The 1990s started with a flurry of publications: Constancia: and Other Stories for Virgins (1990); The Campaign (1991), the first of a planned trilogy spanning the 100 years between the 1810 Year of Revolution and the 1910 Mexican Revolution; and The Buried Mirror (1991), a wide-ranging account of Hispanic culture. The latter accompanied a BBC TV series Fuentes wrote and presented. He bought a flat in London and thereafter he and his wife split their time between Mexico City and London. His son Carlos had grown up to be an accomplished artist and poet. However, in 1994 illness rendered him almost blind and deaf, and he died in 1999.

The same year, Fuentes received a lot of media coverage for Diana: The Goddess Who Hunts Alone, a thinly fictionalised account of his affair with Jean Seberg. Typically, its publication coincided with A New Time For Mexico, a reflection on the governing of Mexico and the problems the nation faced. In 1995 The Crystal Frontier was a pared-down novel in nine stories about Latinos crossing the Rio Grande. In the same year he wrote an illuminating introduction to the diaries of Frida Kahlo.

As he approached 70 he embarked on a novel as ambitious as Terra Nostra. The Years With Laura Diaz was a "counterpoint" to The Death of Artemio Cruz. "I always felt a little worm inside me: Now you need to write a novel with a woman protagonist." He also wanted to write about his grandmothers, his poet uncle and his own son. Writing about his son was "an act of exorcism".

"Every book is an act of exorcism, in the hope that what I write about doesn't come to pass," he said. But exorcism can turn to prophecy. "All the evils of Mexico City I tried to exorcise in Christopher Unborn came true with a bonus: pollution, crime, corruption."

Increasingly, his work was inspired by his memories. "When I reached 60, the Proustian worm started tickling my belly." His 16th novel, Inez, came from that "marvellous year" in Buenos Aires in 1944 when, in addition to women and Borges, he had discovered opera.

In the new millennium the books kept flowing. In This I Believe was written in the form of a dictionary. The Eagle's Throne (2003), overtly political, was suggested by a conversation with Bill Clinton and allowed Fuentes, always interested in literary form, to write an epistolary novel.
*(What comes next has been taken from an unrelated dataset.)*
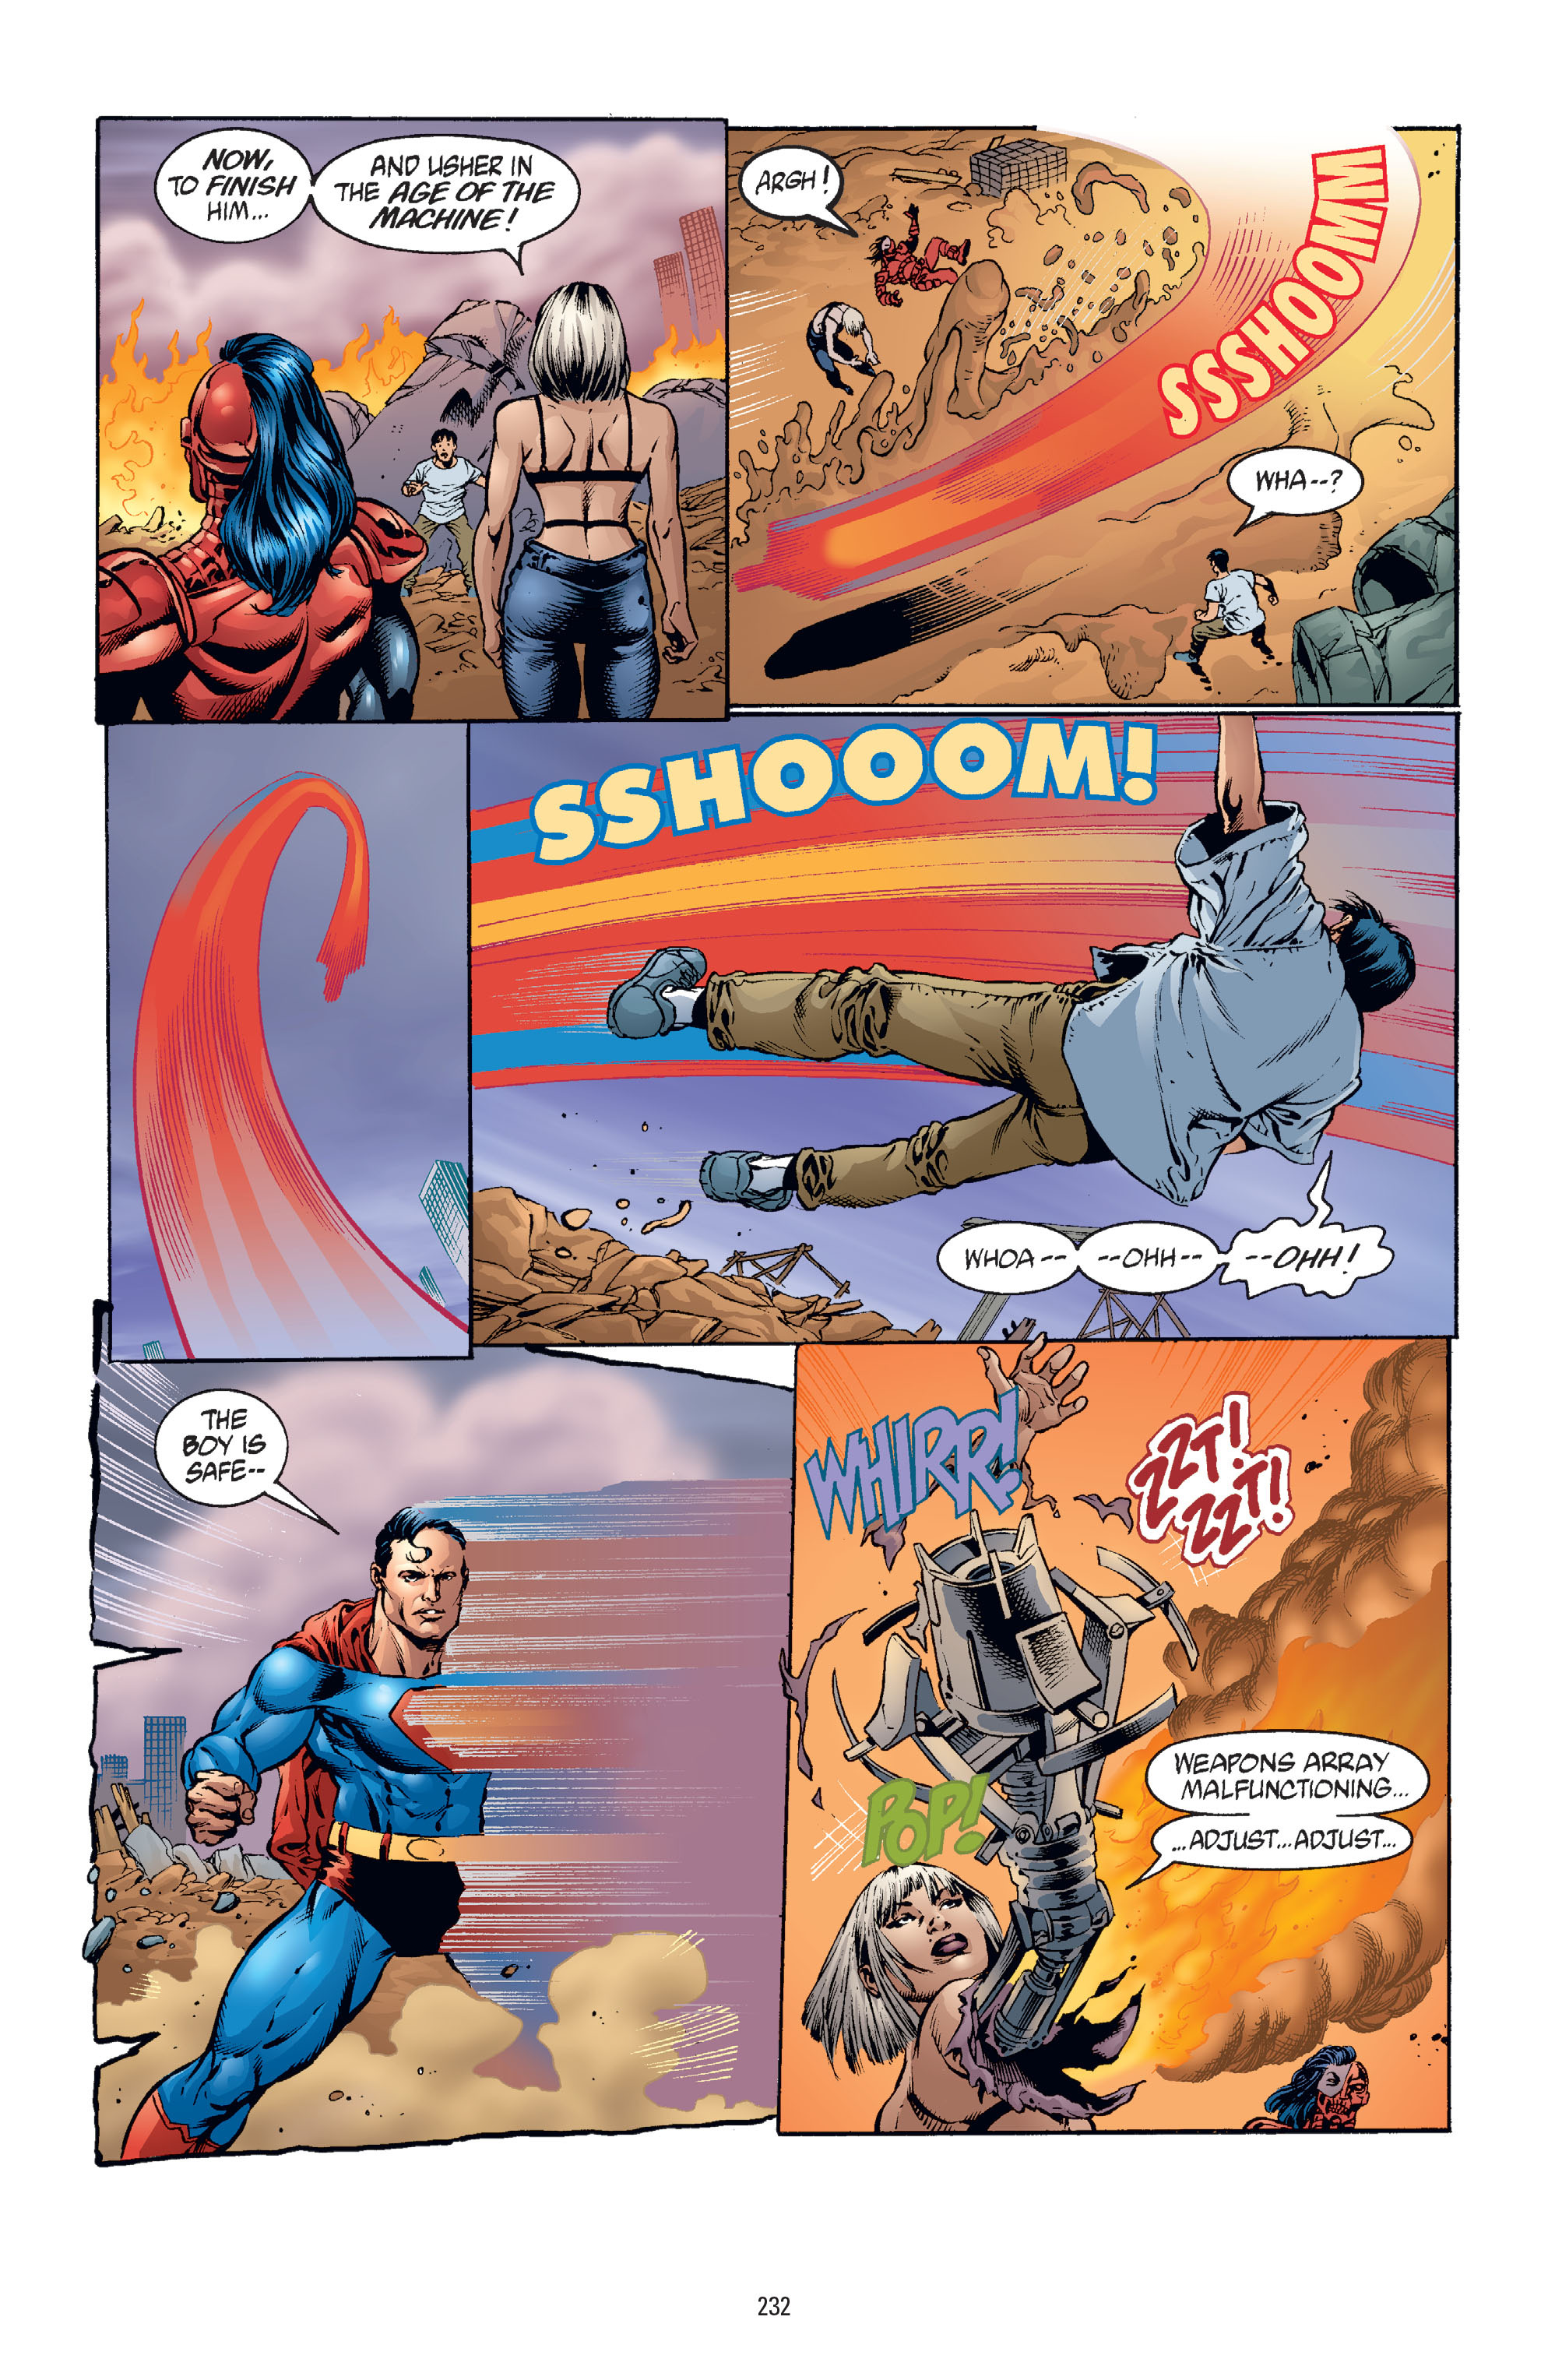 DC Comics/Dark Horse Comics: Justice League Full #1 - English 224

Fuentes was weighed down with prizes, awards and honorary degrees. They included the Cervantes Prize, the Mexican National Award for Literature and the Legion d'Honneur. His passion for writing never diminished, though his reasons might have changed: "You start by writing so as to live and you end up by writing so as not to die."

Carlos Fuentes, writer and diplomat: born Panama City 11 November 1928; married 1957 (marriage dissolved; one daughter), 1973 Sylvia Lemus (one son deceased, one daughter deceased); died Mexico City 15 May 2012.